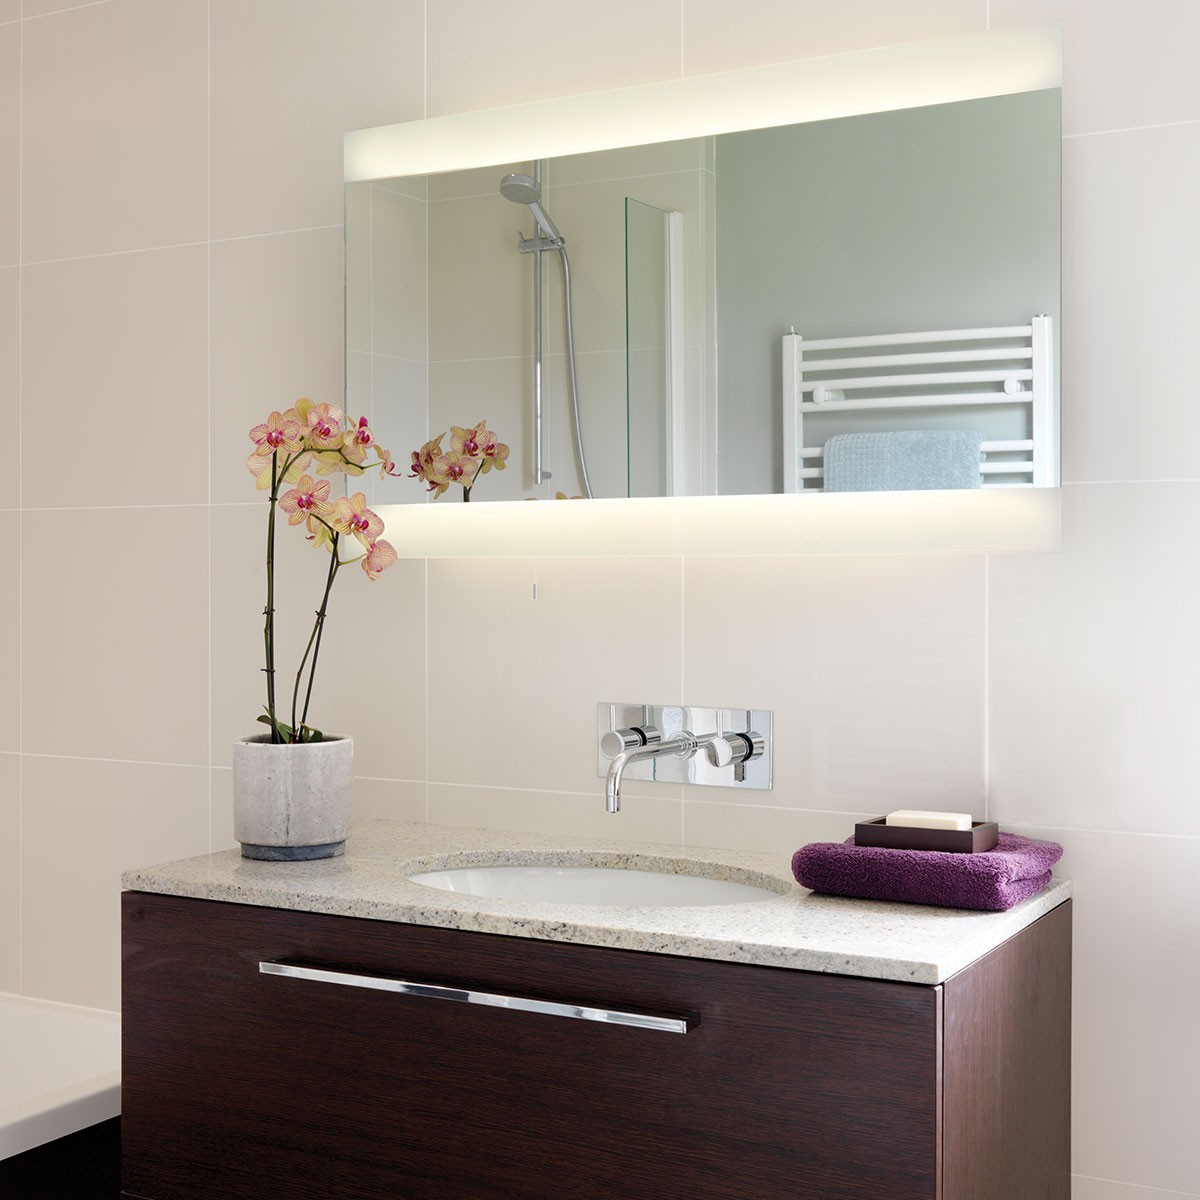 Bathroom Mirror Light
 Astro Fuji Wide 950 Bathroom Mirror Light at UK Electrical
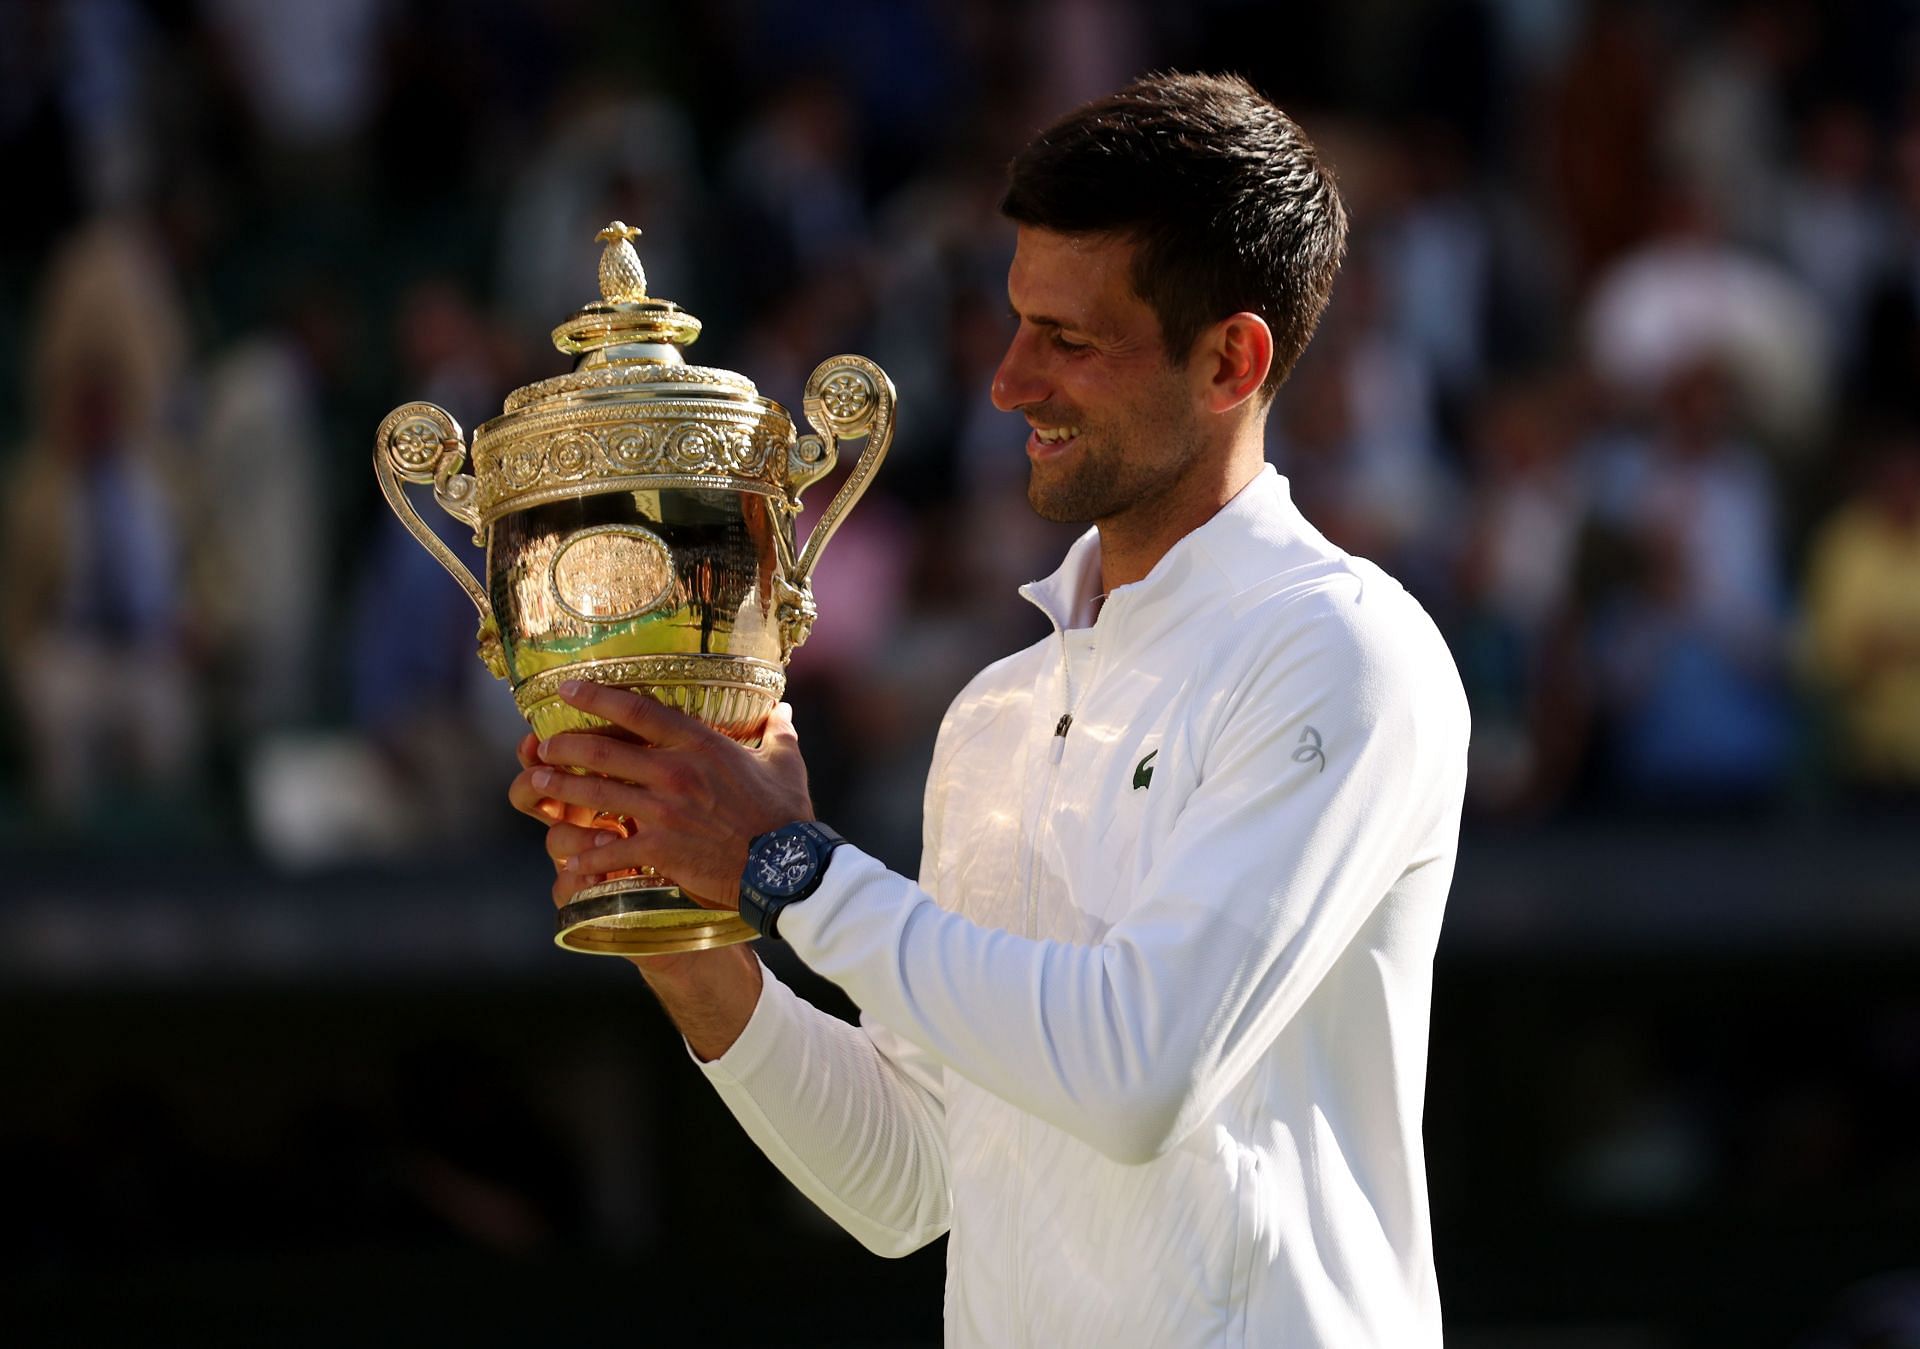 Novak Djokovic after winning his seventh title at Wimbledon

### Exercise aim:
All of the material above is to be retyped verbatim, with its pictures omitted.

### Answer space:
 Bathroom Mirror Light
 Astro Fuji Wide 950 Bathroom Mirror Light at UK Electrical
 Novak Djokovic after winning his seventh title at Wimbledon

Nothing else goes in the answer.